Subscription Required. Please recommend JoVE to your librarian.

Representative Results

В представленном синтезе Au NP спектры UV-Vis показывают смещение пиков LSPR с 521 нм до 529 нм после 10 шагов роста (рисунок 4A,B), в то время как данные DLS показывают узкое распределение размеров по мере увеличения размера Au NPs с 25,9 нм до 42,8 нм (рисунок 4C,D). Средние размеры G0, G5 и G10, измеренные по изображениям TEM (рисунок 4E), составляют 20,1 ± 2,1 нм, 32,5 ± 2,3 нм и 40,0 ± 2,2 нм соответственно, при этом в каждом случае учитывается 200 частиц.
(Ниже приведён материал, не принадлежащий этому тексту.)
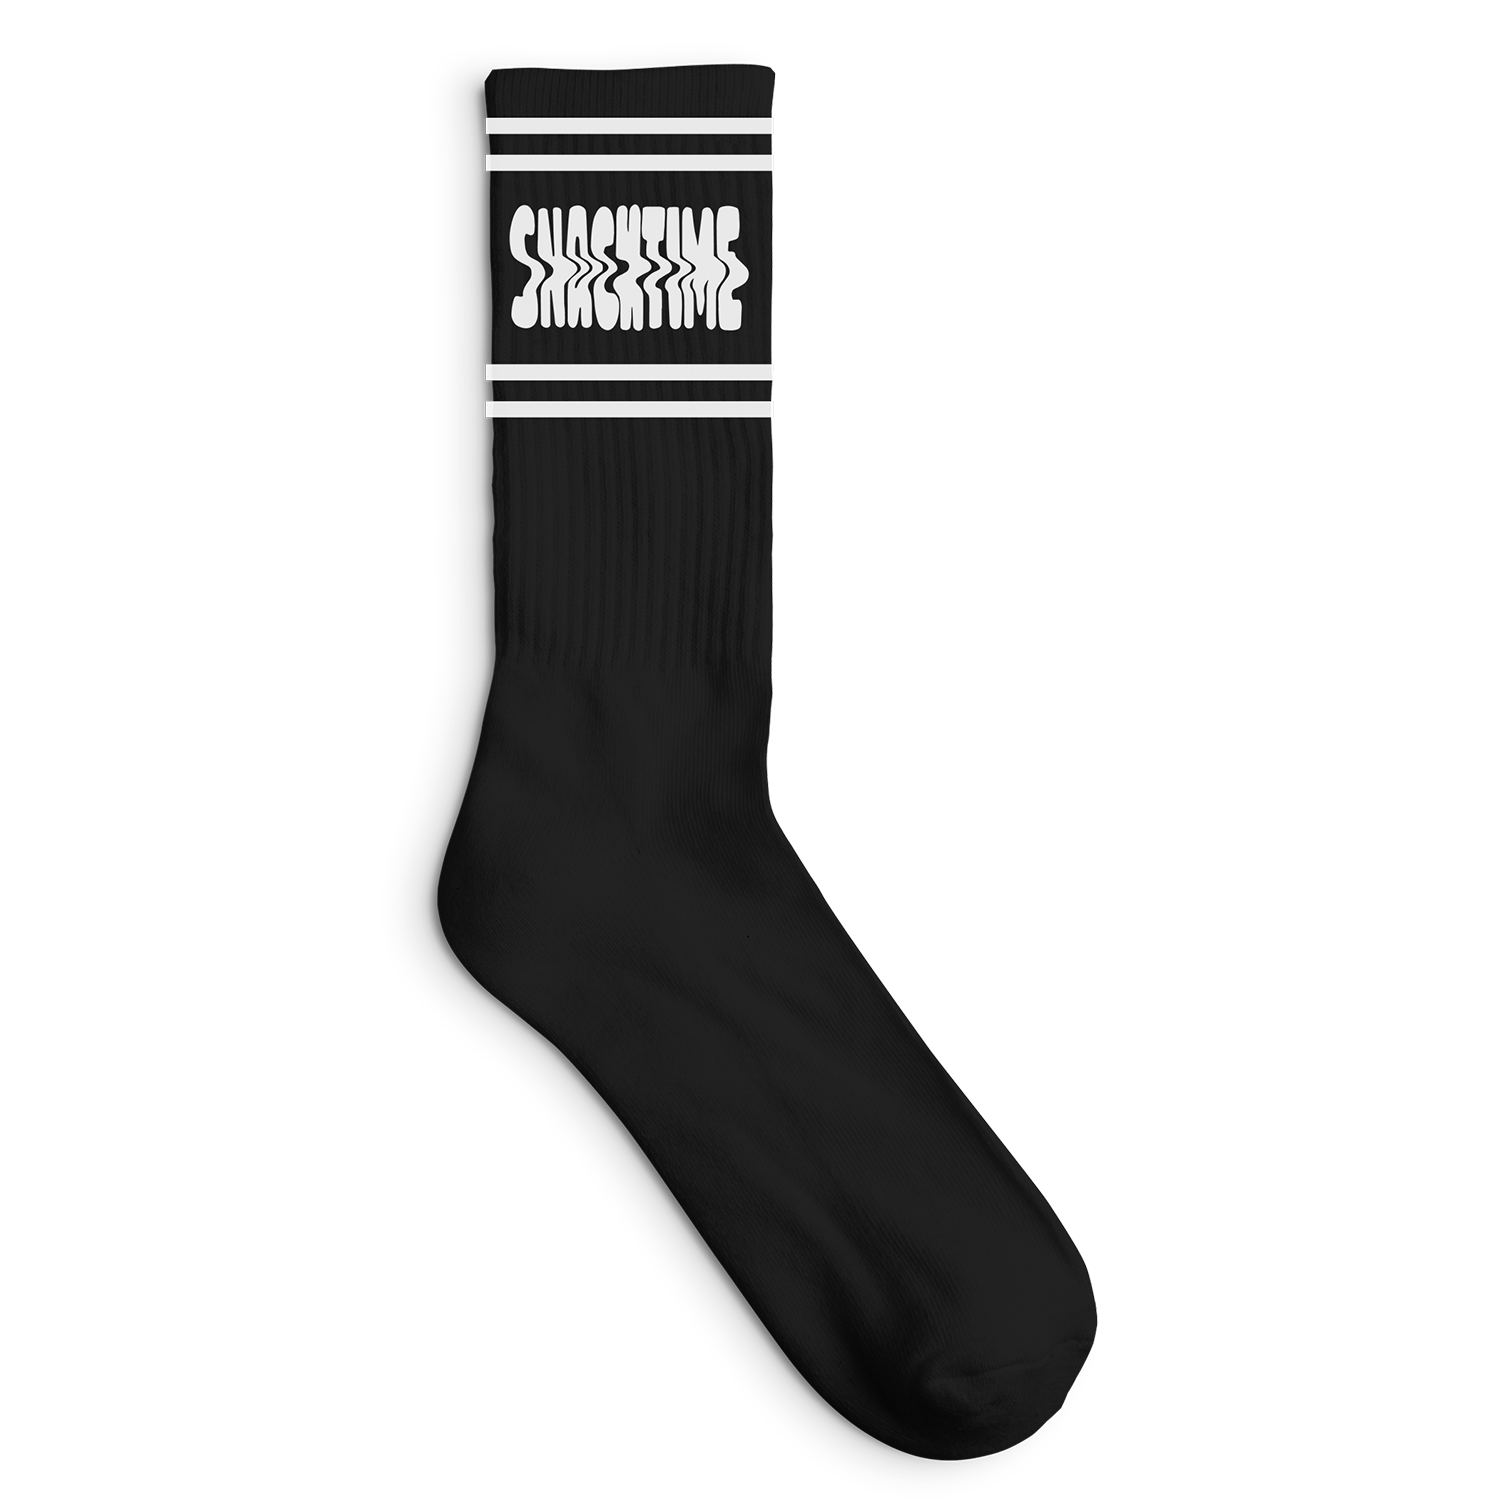 Snacktime | Socks - Black & White

Эти результаты показывают, что этот протокол эффективен в синтезе однородных и узкодисперсных Au NPs.

В представленных исследованиях SERS были сформированы хост-гостевые комплексы CB7 и UA с пустым CB7, опосредующим формирование точных плазмонных нанопереходов в пределах наноагрегатов Au NP: CB7, что подтверждается характерными сигналами UA в спектре SERS (рисунок 5A).

Назначения для рамановских пиков CB (обозначены +) и UA (отмечены *) приведены в таблице 2. И наоборот, в отсутствие CB7 не наблюдается сигналов SERS UA, что иллюстрирует ключевую роль CB7 в инициировании агрегации Au NPs.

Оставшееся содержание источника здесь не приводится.